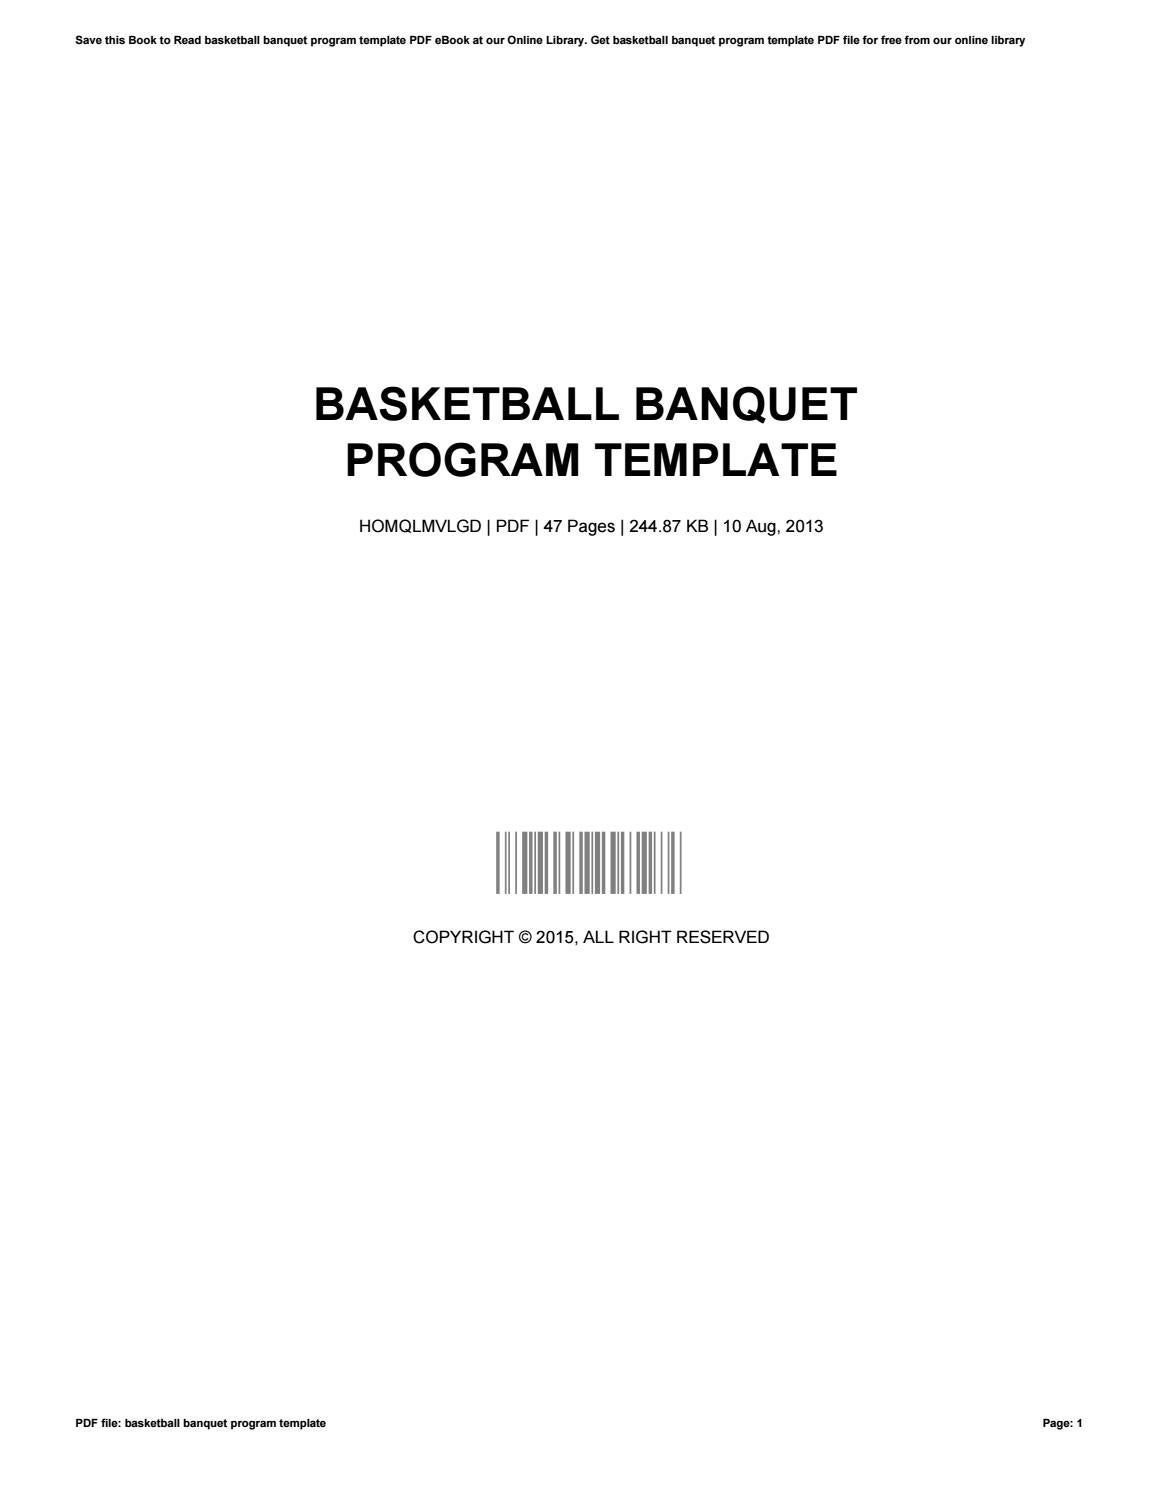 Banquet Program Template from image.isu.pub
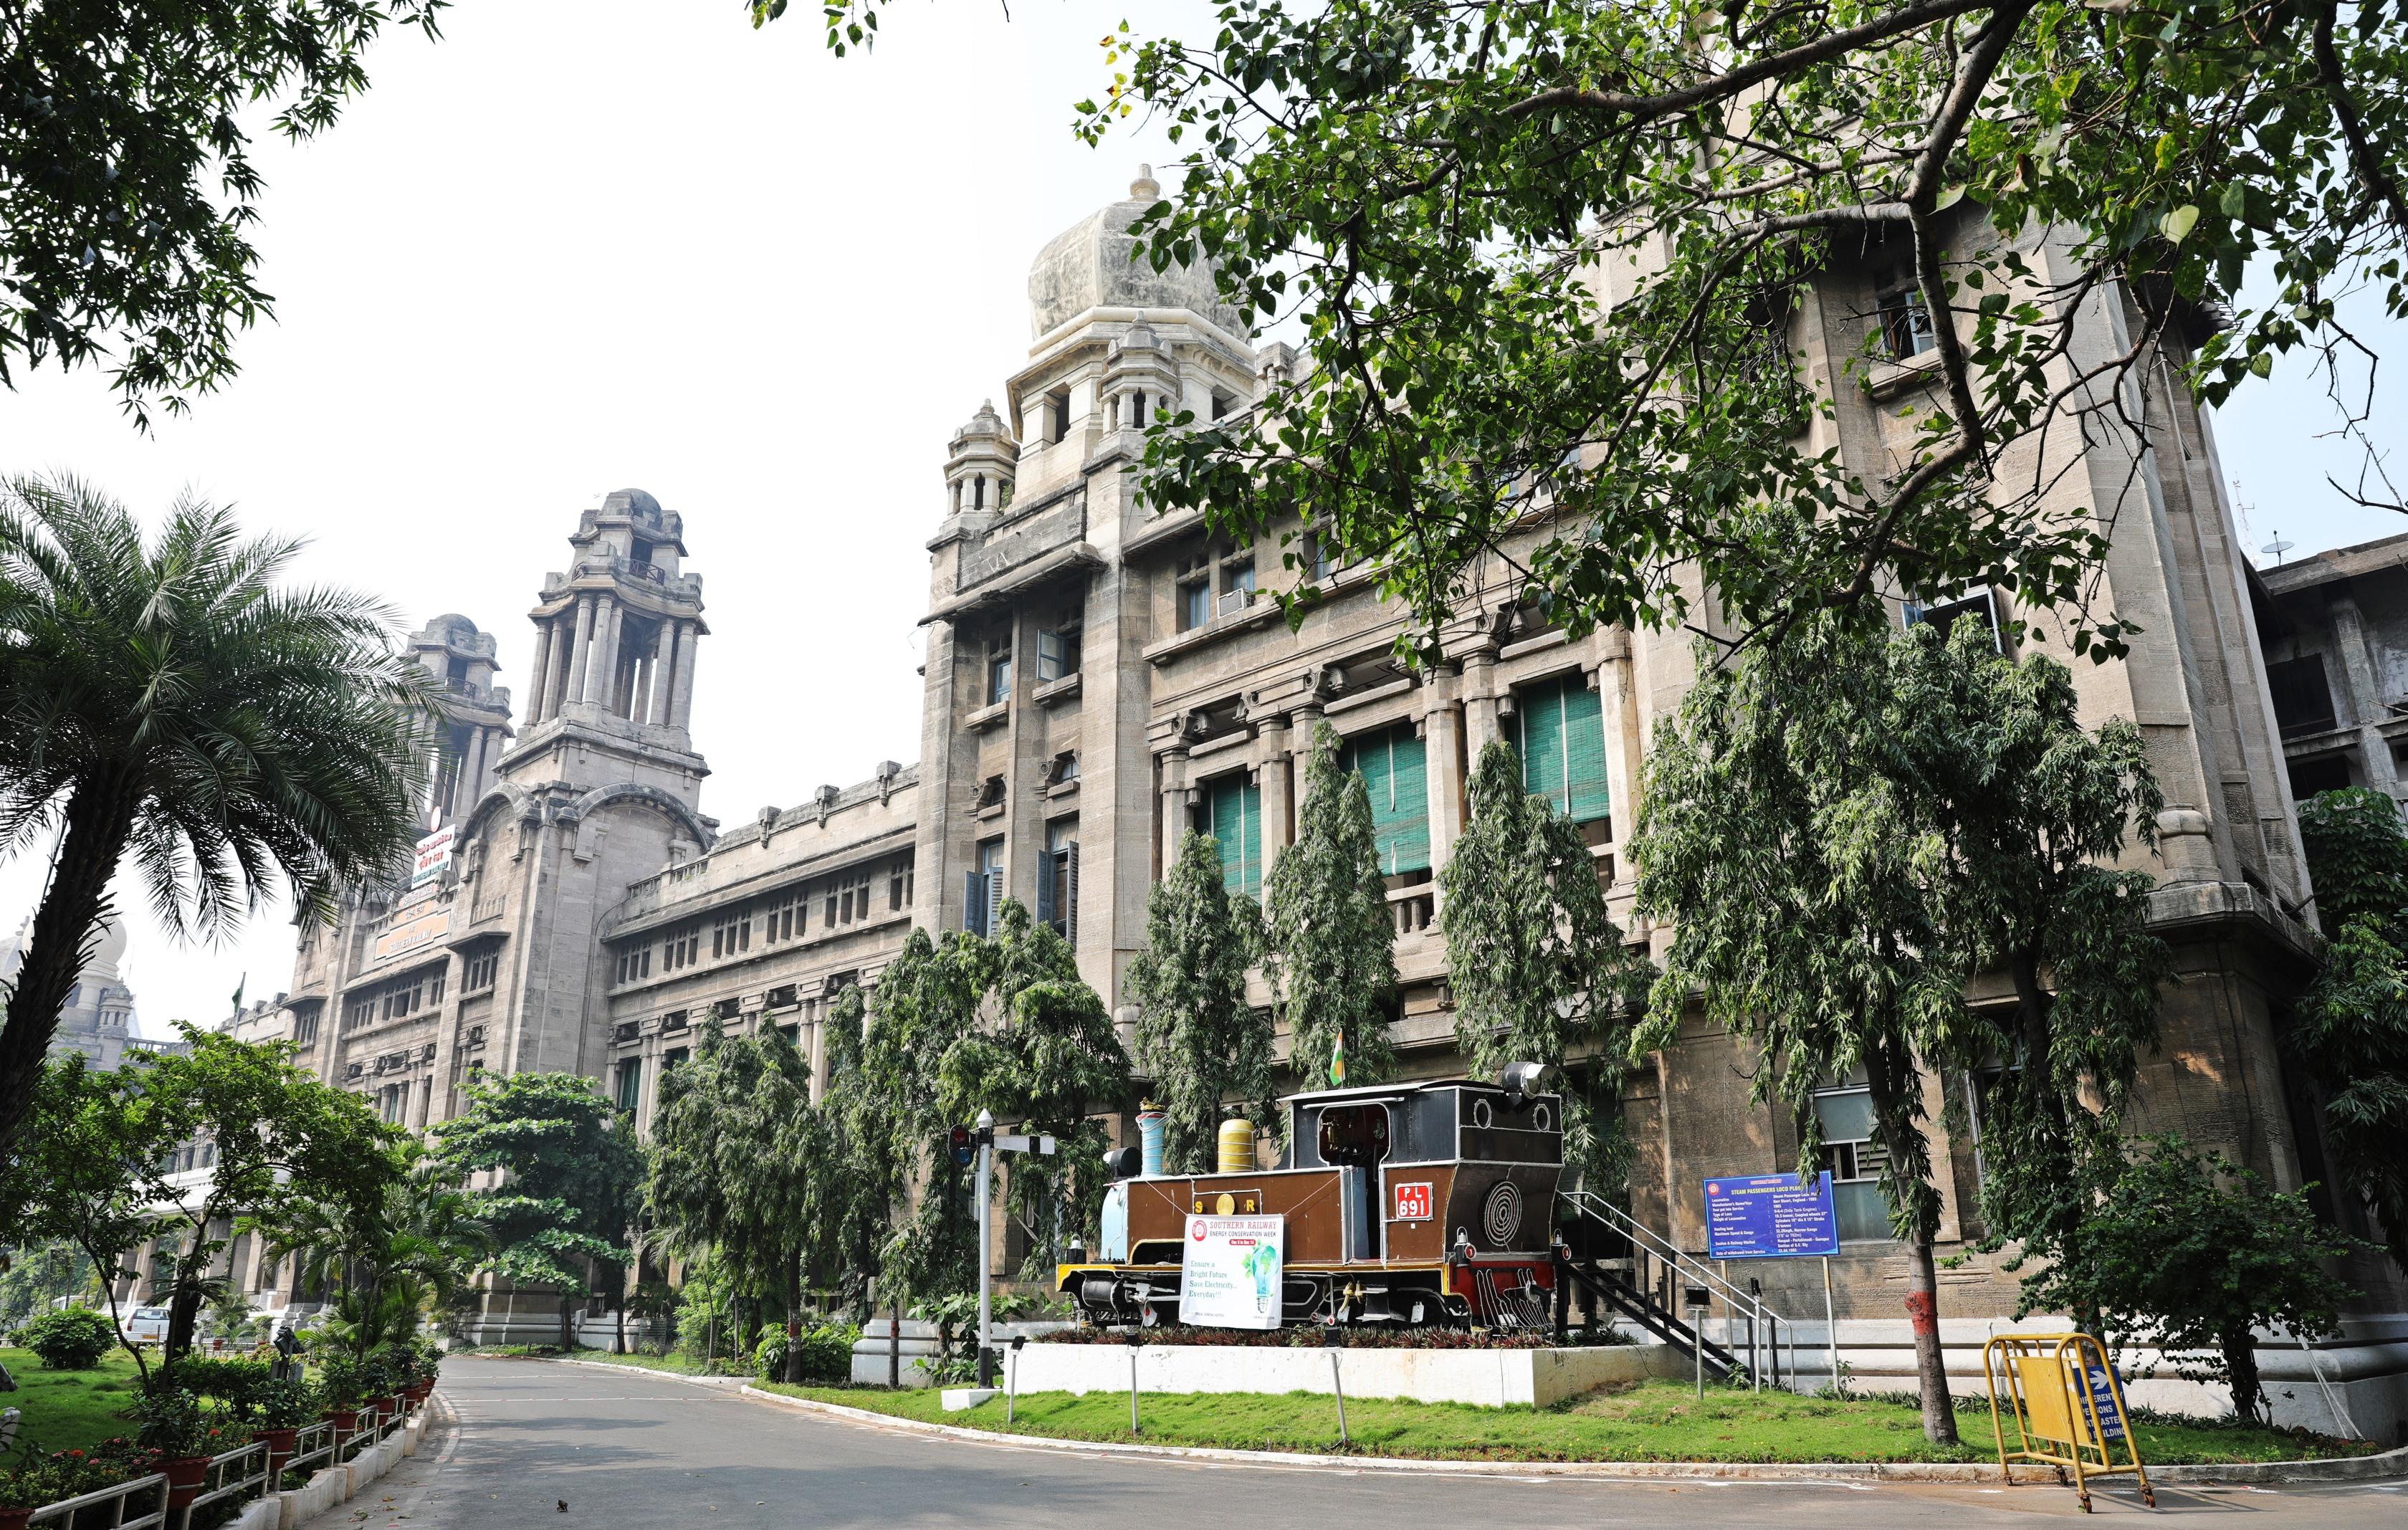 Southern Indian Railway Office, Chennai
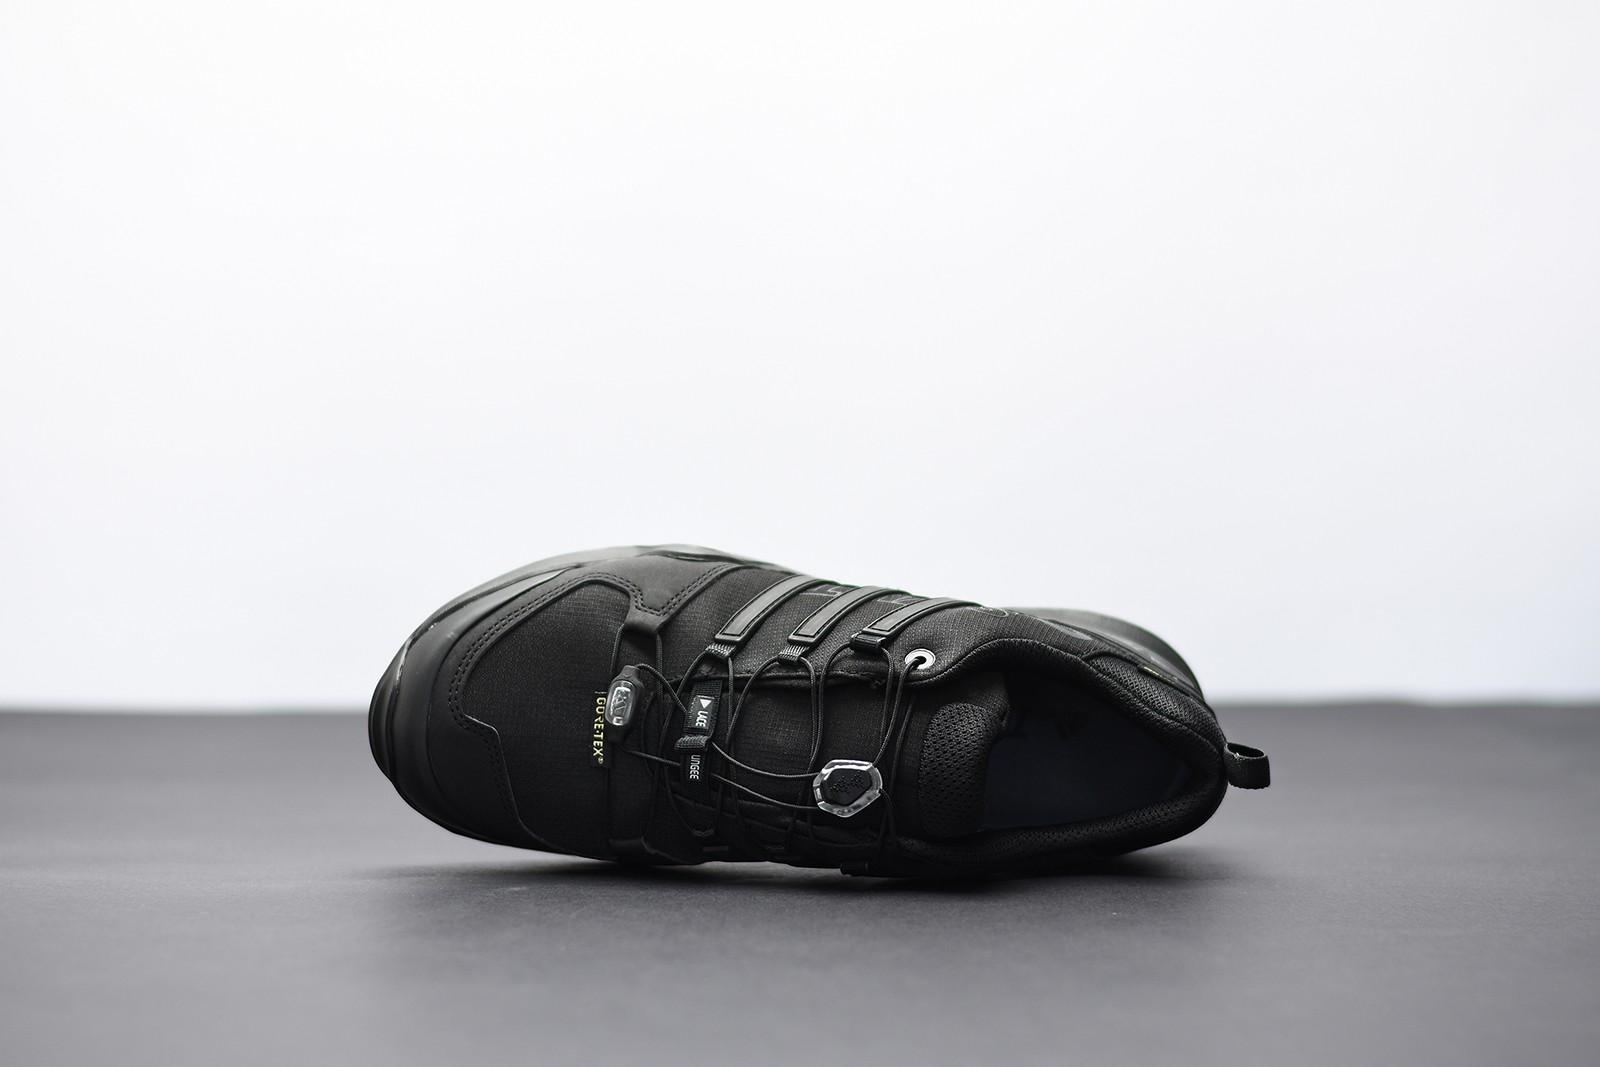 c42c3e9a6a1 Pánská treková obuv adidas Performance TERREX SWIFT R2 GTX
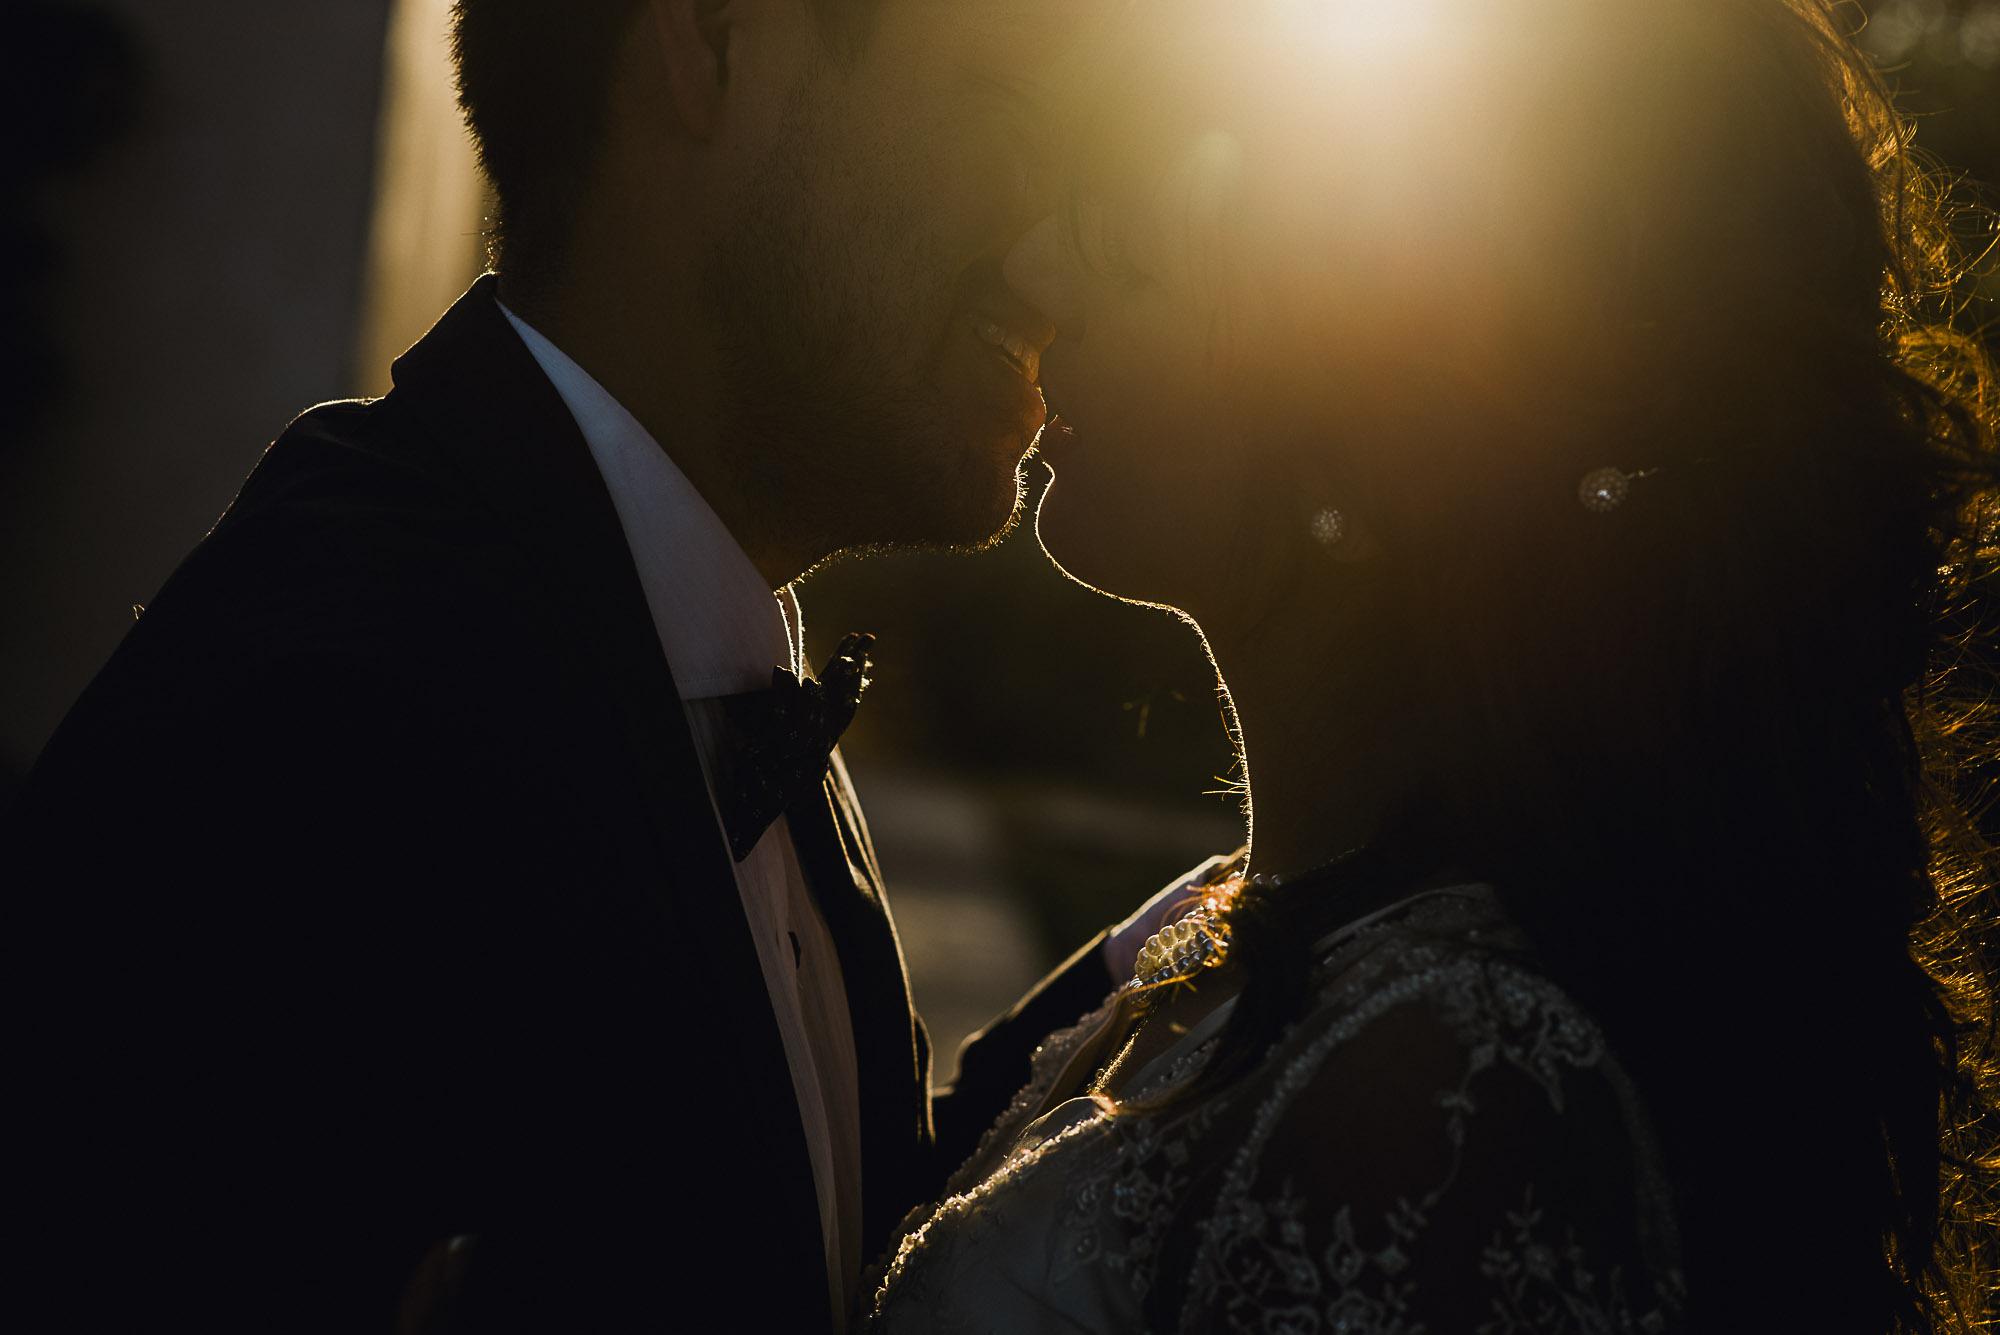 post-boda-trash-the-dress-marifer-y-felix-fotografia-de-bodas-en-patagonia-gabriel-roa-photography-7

→ Task brief: Return the whole listing word for word. Pictures stay out of it.

→ Solution to this problem:
 Banquet Program Template from image.isu.pub
 Southern Indian Railway Office, Chennai
 c42c3e9a6a1 Pánská treková obuv adidas Performance TERREX SWIFT R2 GTX
 post-boda-trash-the-dress-marifer-y-felix-fotografia-de-bodas-en-patagonia-gabriel-roa-photography-7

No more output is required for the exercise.